La gente aquí es muy amable, pero sigue siendo pobre. El pueblo tiene pocas casas bien construidas; la mayoría son casas de ladrillo con techos de hierro corrugado, casas de madera con pisos de tierra o palafitos de madera. Cada familia tiene muy pocas propiedades valiosas y muchas aún usan electrodomésticos anticuados. Hay electricidad disponible, pero no hay electrodomésticos modernos; los refrigeradores son escasos en todo el pueblo. Las motocicletas son el principal medio de transporte; solo hay unos pocos automóviles en el pueblo, principalmente camionetas y camiones. Solo hay una escuela primaria y secundaria en el pueblo, financiada por una organización social surcoreana. Para continuar con la escuela secundaria, uno debe ir a Sam Neua. Debido a la ubicación remota y las dificultades económicas , pocas personas completan la escuela secundaria o continúan con la educación superior. El pueblo Muong del pueblo Don se enorgullece de tener dos hijos exitosos en sus carreras: el Sr. Phu Son Tham Ma Vi Say, ex vicegobernador de la provincia de Hua Phan, nacido en 1962, ahora jubilado y residente en su ciudad natal del pueblo Don; y el Sr. Bun Phon But Pha Chan, actualmente subdirector del Departamento de Agricultura y Silvicultura de la provincia de Hua Phan.

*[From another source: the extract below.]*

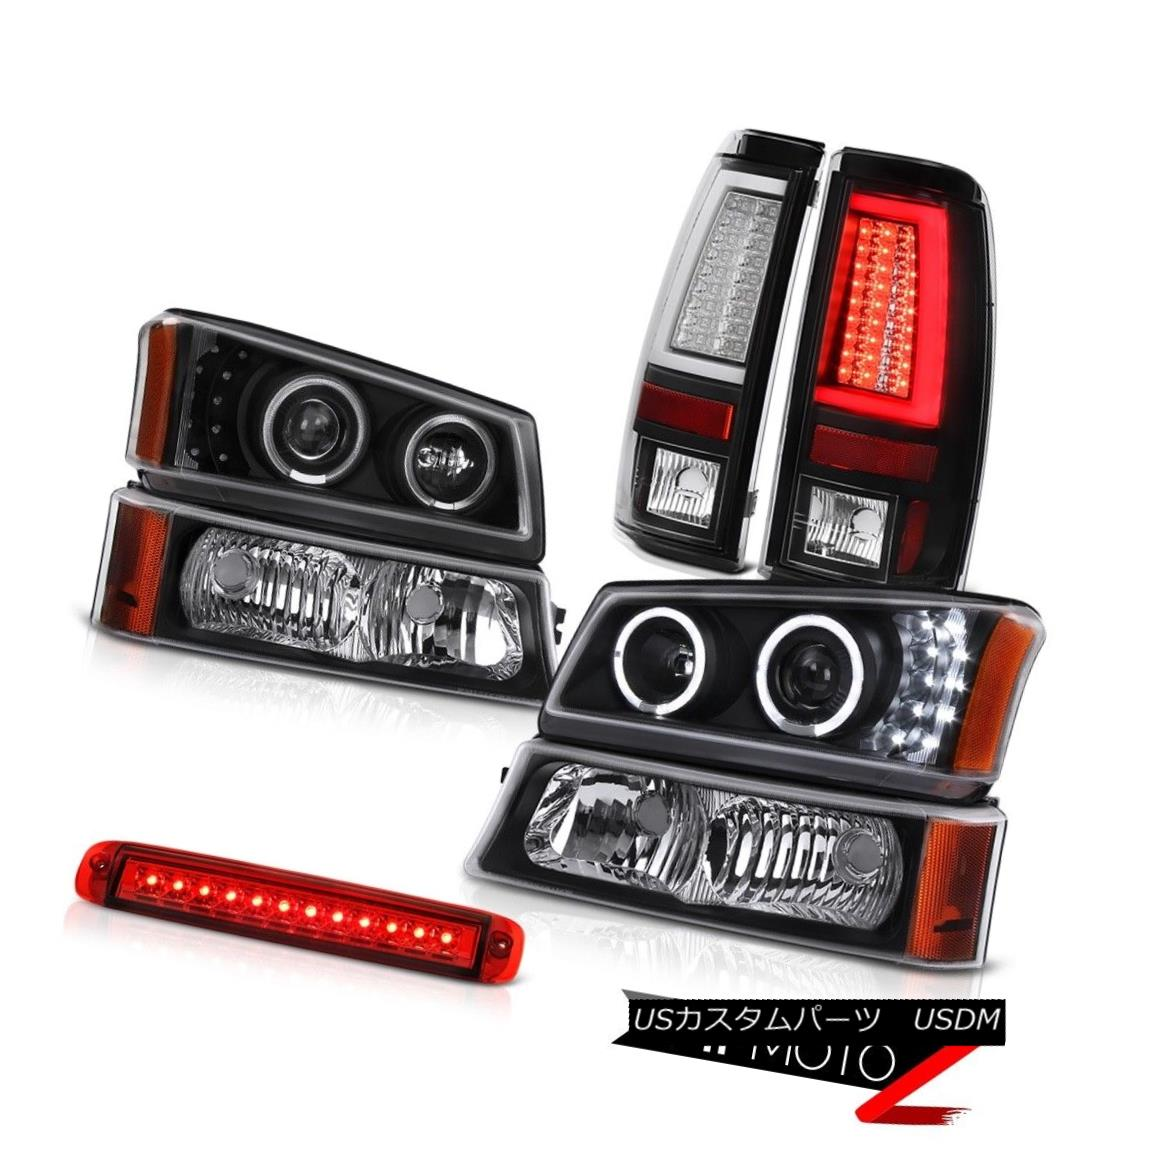 テールライト 2003-2006 Chevy Silverado Taillights High Stop Lamp Turn Signal Headlamps LED 2003-2006シボレーシルバラード灯台ハイストップランプターンシグナルヘッドランプLED

Los habitantes de la aldea de Don, provincia de Hua Phan (Laos) practican la interpretación de piezas básicas de gong.

Personas de la aldea de Don, provincia de Hua Phan (Laos), vestidas con trajes étnicos tradicionales Muong, realizan un juego de gong que aprendieron bajo la guía de la Asociación Provincial de Literatura y Artes.
Los servicios culturales en el pueblo son casi inexistentes. No hay centro comunitario, por lo que todas las actividades comunitarias se realizan en las escuelas primarias y secundarias. No hay zonas recreativas públicas; las familias más adineradas compran altavoces portátiles para escuchar música y cantar karaoke. Antes del anochecer, el pueblo de Don ya está en silencio. El pueblo solo cuenta con unas pocas tiendas de comestibles y talleres de reparación de motocicletas; no hay mercado ni dónde encontrar carne, pescado o verduras como en ningún otro lugar de Vietnam. La Sra. Suc Xi Da, directora de la escuela primaria y secundaria, comentó: «Aquí no hay mercado. Para ir al mercado, hay que ir a Sam Neua (a 27 km). Si se quiere pollo, pato o pescado, hay que preguntar directamente a los aldeanos. Si se quiere carne de cerdo, solo se puede encontrar carne congelada traída de Vientián o Sam Neua; aquí nadie vende carne de cerdo ni de res fresca».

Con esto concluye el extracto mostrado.